Впрочем, про «нормально» мой отец меня спрашивает куда чаще. Он звонит мне. Я сбрасываю и перезваниваю. Потому что у него на телефоне хронически нет денег. А у меня – хронически деньги есть. В том числе – на телефоне. Он звонит – ну то есть я перезваниваю – не часто: примерно раз в месяц. И раз в месяц мы, попрепиравшись на тему «нормально – отлично», что те Григорий с Константином, переходим к ещё более бессмысленным беседам. О погоде, например. Или о том, не застреваю ли я в снегах. Мой отец, у которого нет даже водительских прав, регулярно уточняет, не застреваю ли я в снегах. В семьдесят восемь он даже выучил словосочетание «дорожный просвет». Он ни черта не знает, что бы это значило, но он интересуется дорожным просветом моего автомобиля. И я каждый раз сообщаю ему дорожный просвет моего очередного автомобиля. Вот уже лет десять я езжу только на джипах, но он последний (и первый) раз был у меня в гостях одиннадцать лет назад и запомнил тот маленький японский автомобильчик, на котором я тогда ездила. Поэтому, услыхав дорожный просвет очередного джипа, он цокает языком в телефон и говорит:
– Ой, какой маленький дорожный просвет! Как ты там ездишь, в снегах?!
– Папа! – говорю я своему отцу. – Я сейчас назвала тебе дорожный просвет огромного пикапа модельного ряда «Fack fuel economy». Я нормально езжу в снегах.

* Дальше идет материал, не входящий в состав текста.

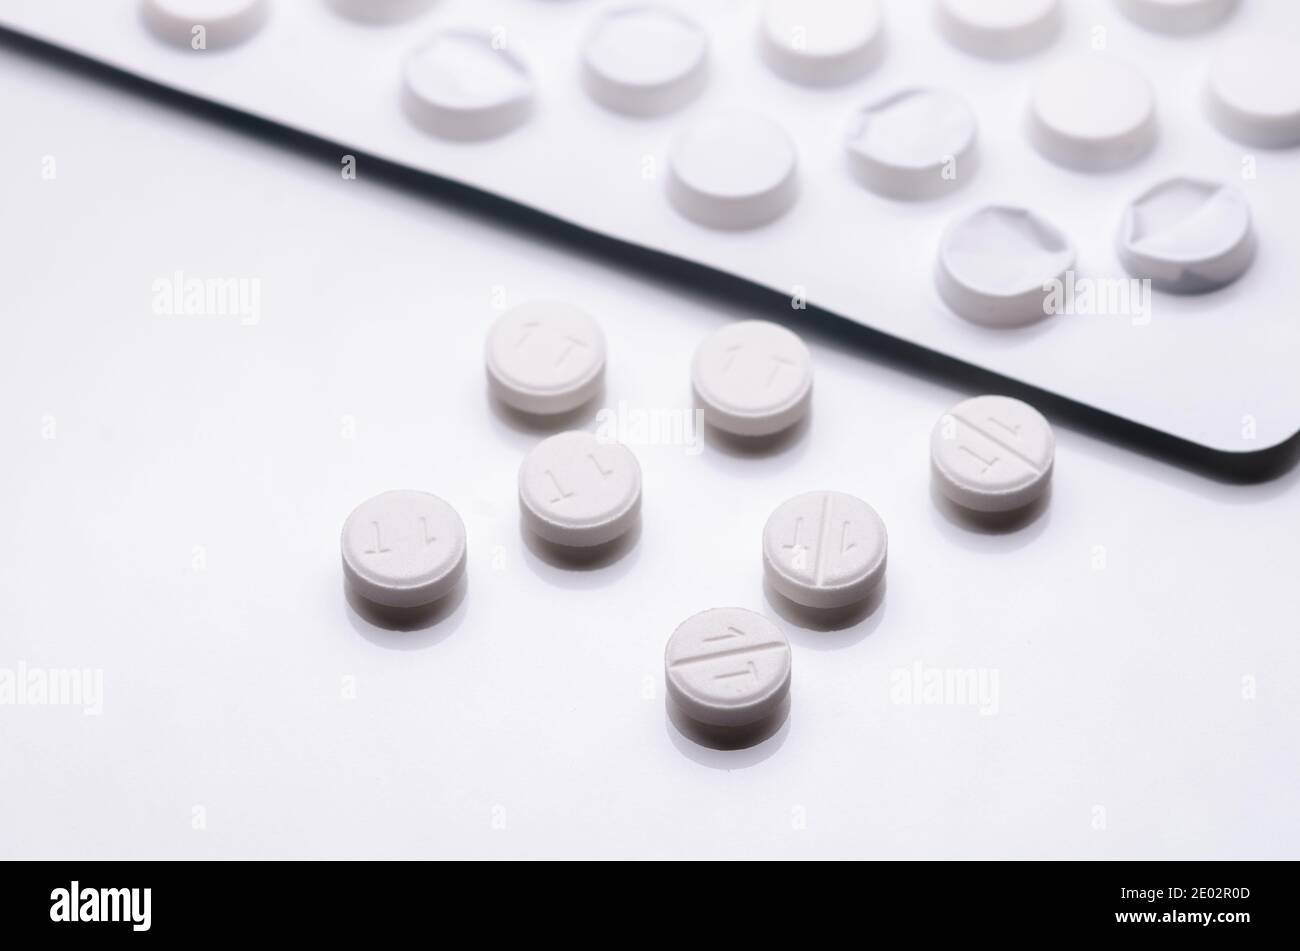 Weiße Pillen oder Tabletten auf weißem Hintergrund, Blisterpackung, Nahaufnahme Stillleben, High-Key-Beleuchtung, flach legen, Apotheke, Medikamente oder Medizin-Konzept Stockfoto

Но мой отец не радуется слову «папа». Он опять цокает языком и говорит:
– Ой, как ты там ездишь, в снегах?!
Я машу рукой в пространство и говорю ему:
– Лучше расскажи, как у вас.
– У нас всё нормально! – радостно выпаливает мой отец. – Мама ругается, говорит, что я ей испортил жизнь, и всех проклинает. В общем, всё нормально!
В принципе, наши с ним «галочные» посиделки в ресторане отличаются от этих телефонных разговоров, как полная версия от версии для мобильников. Сокращённая хренотень – и хренотень в подробностях. По телефону мне выговаривают за то, что я «не звоню маме». Вот сейчас мне выговорят за то, что я «не приезжаю к маме». Я бы приезжала. Но я не хочу провоцировать всплеск новых навязчивых идей. Не хочу видеть поджатые губы и злые глаза. Очень даже может быть, что я неблагодарная дочь, но безумие не заслуживает благодарности. Безумие вульгарно, беспринципно и чревато. Оно не знает истинного значения благодарности. Как оно может его заслуживать? Двадцать лет назад, когда я уехала из этого города, на прощание моя мама пообещала мне панель, суму и тюрьму. Мой отец, как обычно, прятался. Я встречаюсь с моим отцом. Пока ещё… Зачем? Совершенно не понимаю. Наверное, потому что «ничего» – это лучше, чем «не то». Потому я не встречаюсь с моей матерью. Я просто не хочу её разочаровывать. Всё тем же паспортом моего мужчины, брендовой сумкой и абсолютной свободой. В том числе – свободой не встречаться с матерью.
Он что-то ещё бубнит. После первых трёх рюмок сильно косеет. И начинает жаловаться на маму. Очень продуктивно. Если любящий мужчина и мог что-то сделать для своей любимой женщины, матери своих детей, – так это вовремя… Вовремя что? Не знаю. Я им не судья.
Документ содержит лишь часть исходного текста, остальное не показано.